Exercise ->
Beginning at the line that contains "Lagavulin Single Malt Scotch Whisky 16Y", reproduce the entries below exactly, ending with the line that contains "beefsteak under sauce on white plate". Omit each picture.
[Opening Records supplied section]
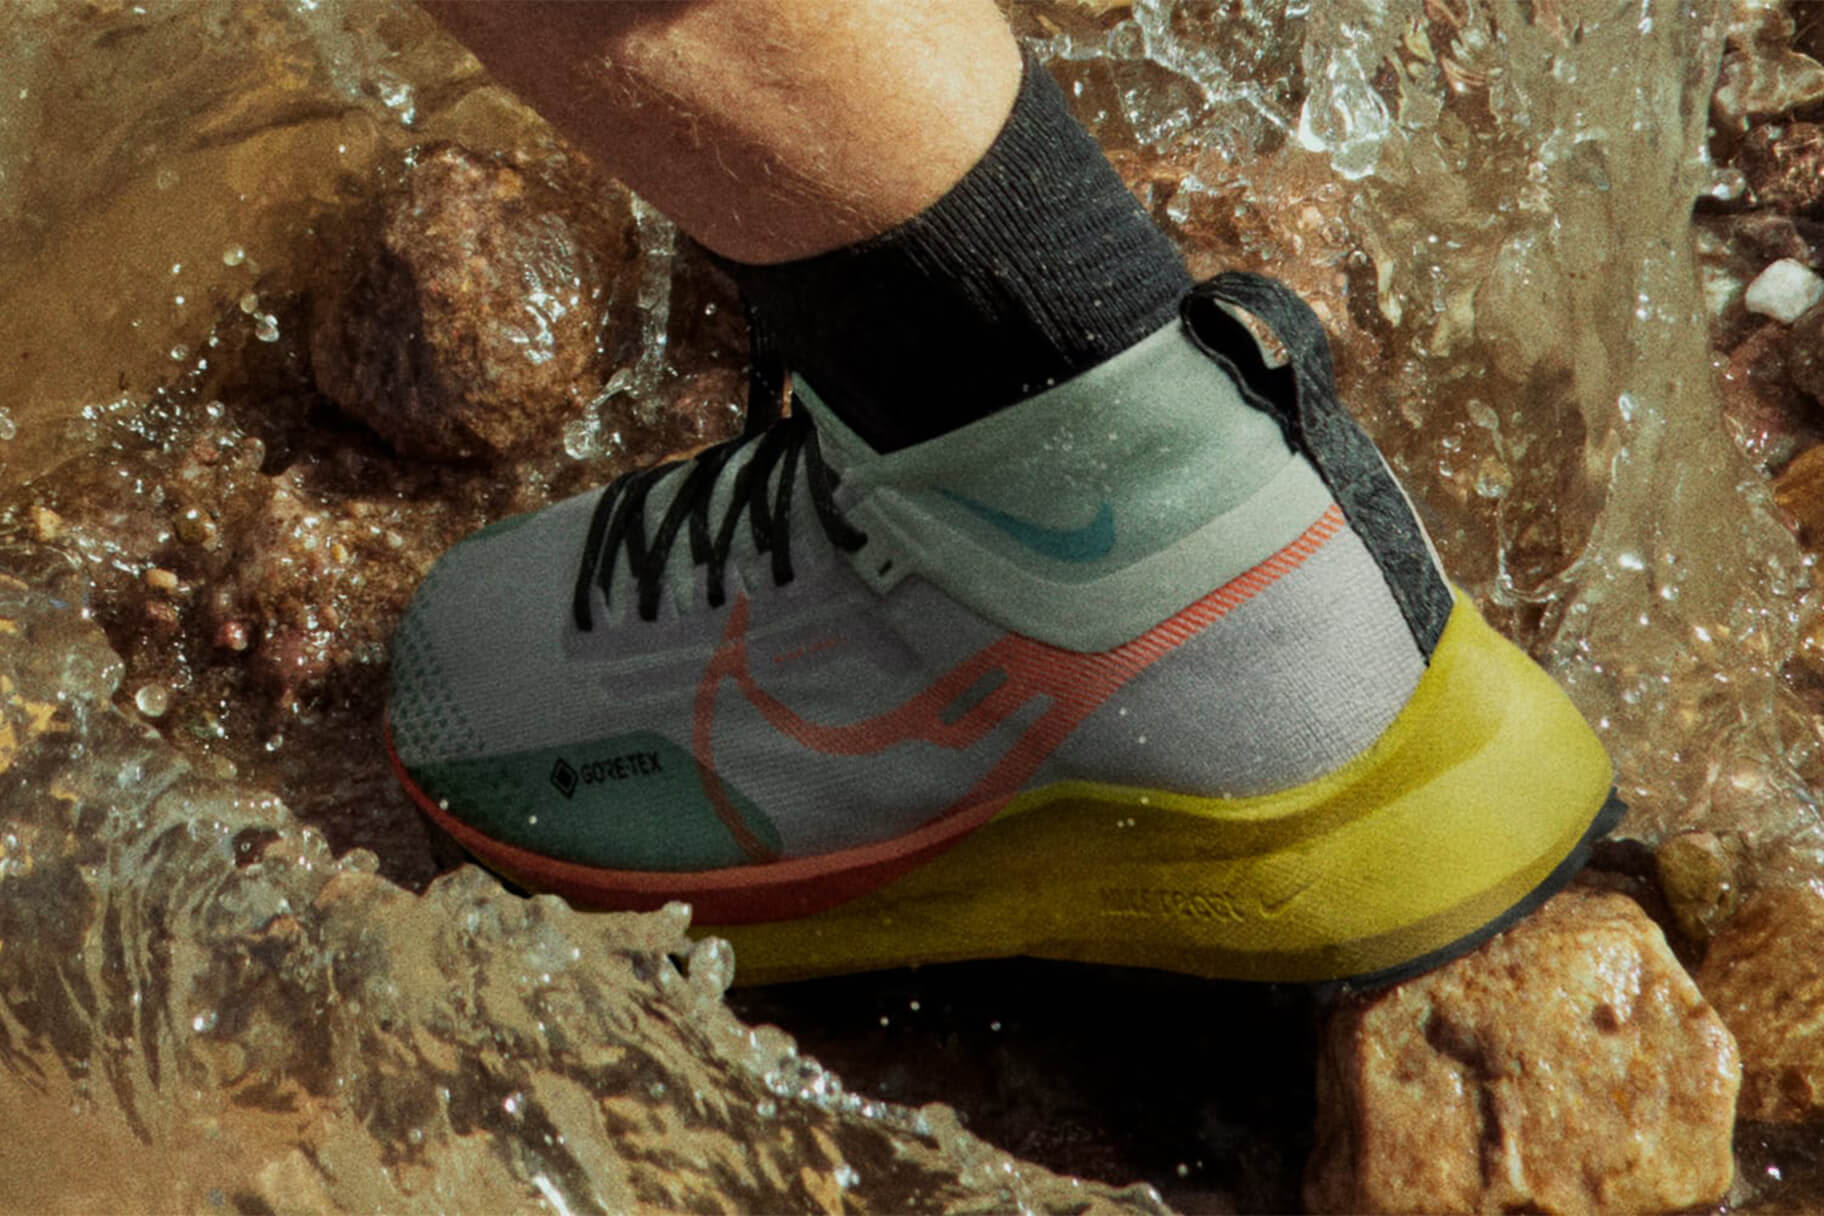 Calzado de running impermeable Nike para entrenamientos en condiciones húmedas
[Closing Records supplied section]
[Opening Records supplied section]
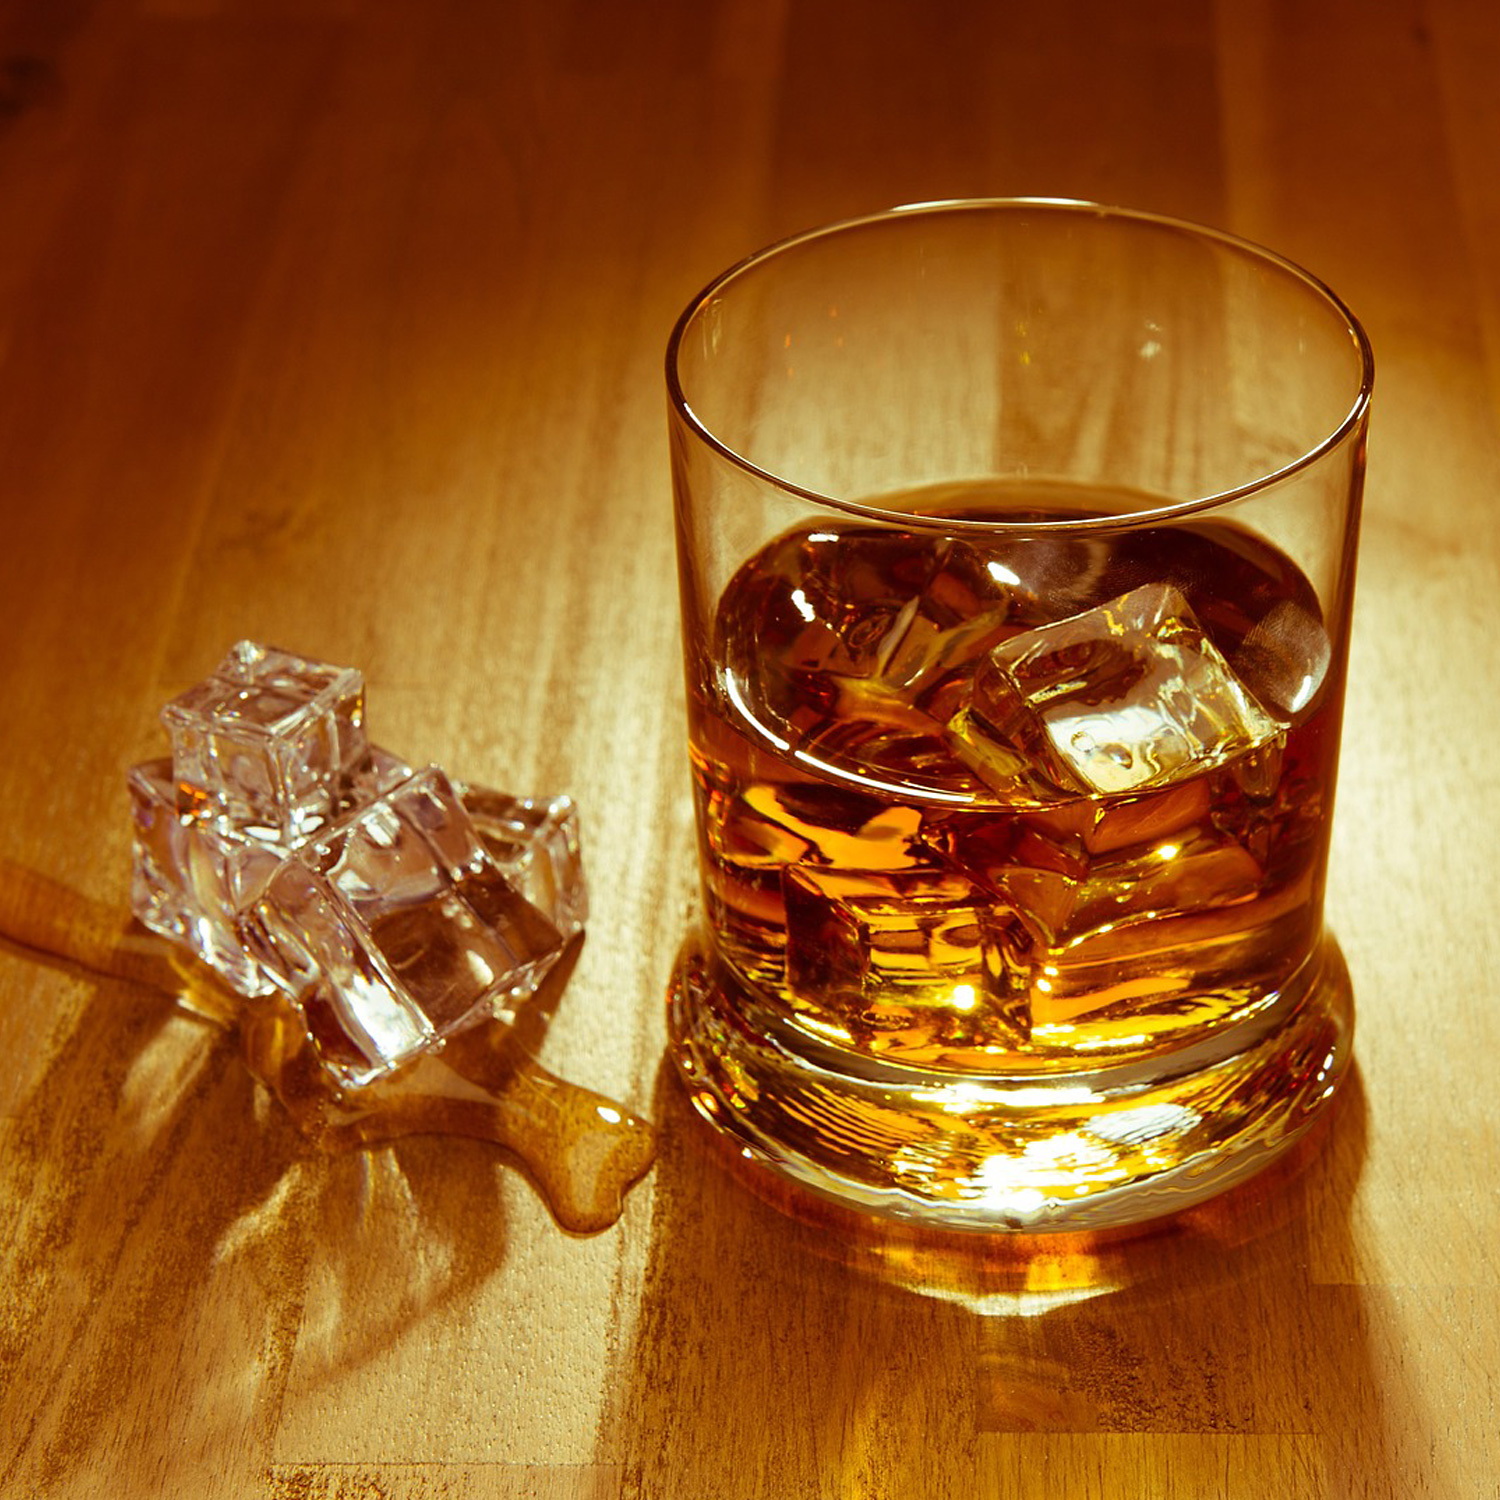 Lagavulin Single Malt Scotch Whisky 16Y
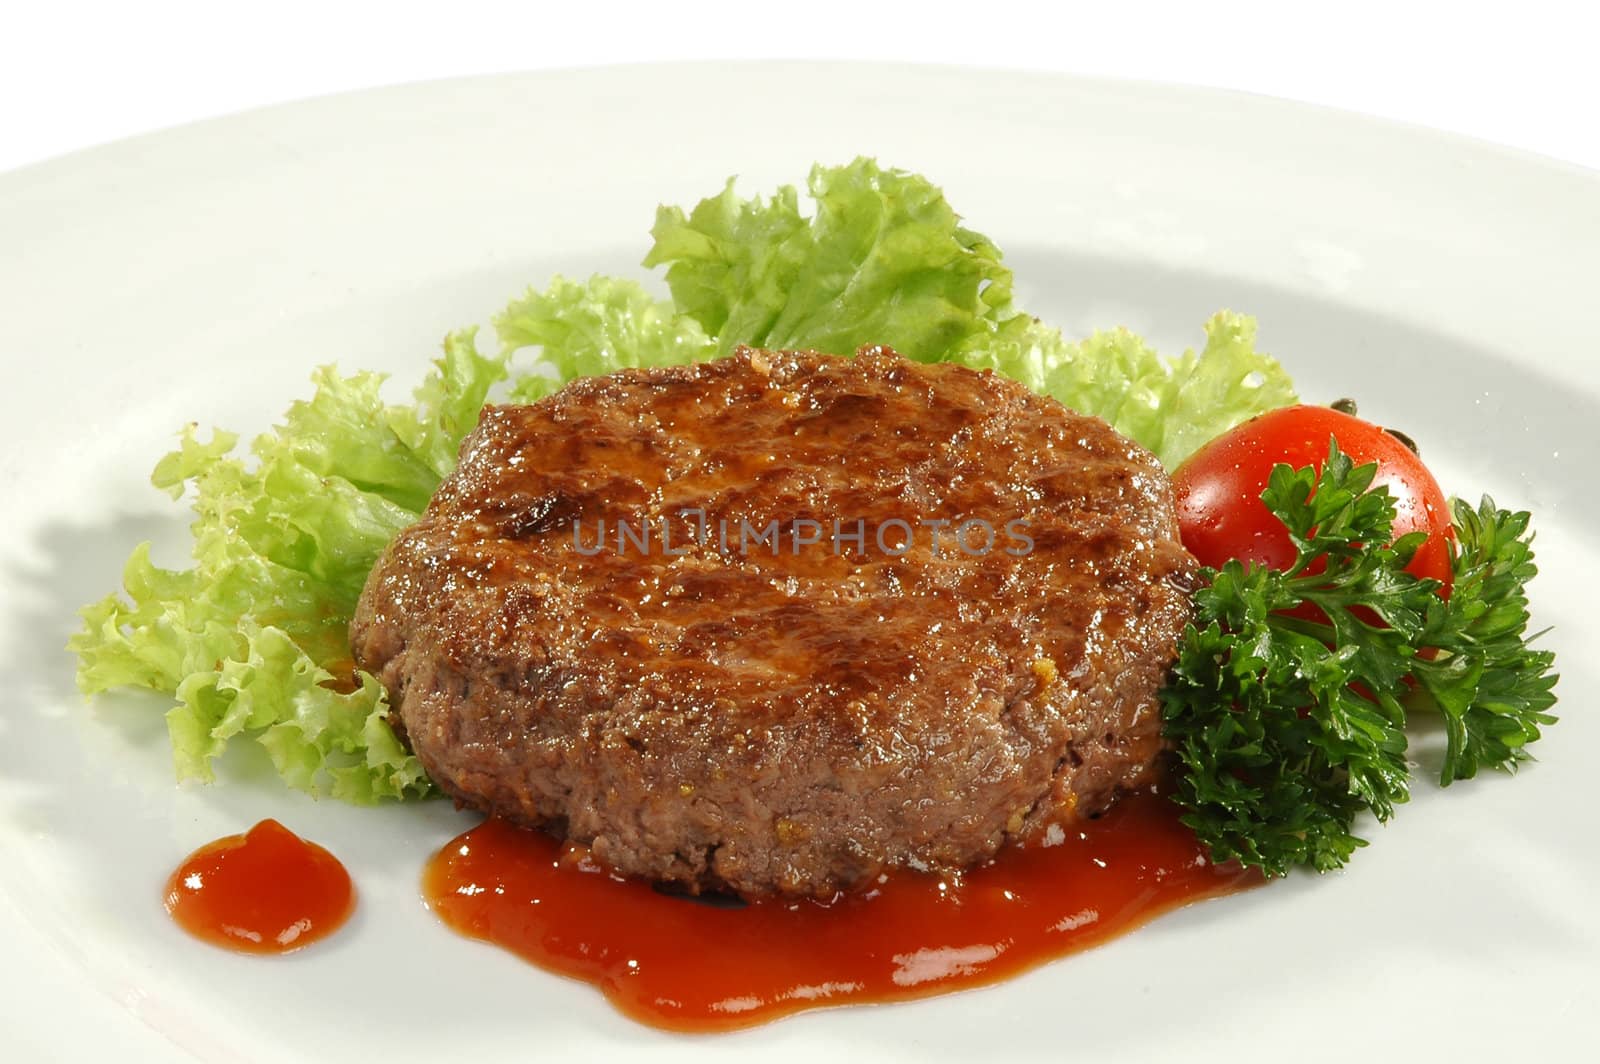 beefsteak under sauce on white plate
[Closing Records supplied section]
Exercise output ->
 Lagavulin Single Malt Scotch Whisky 16Y
 beefsteak under sauce on white plate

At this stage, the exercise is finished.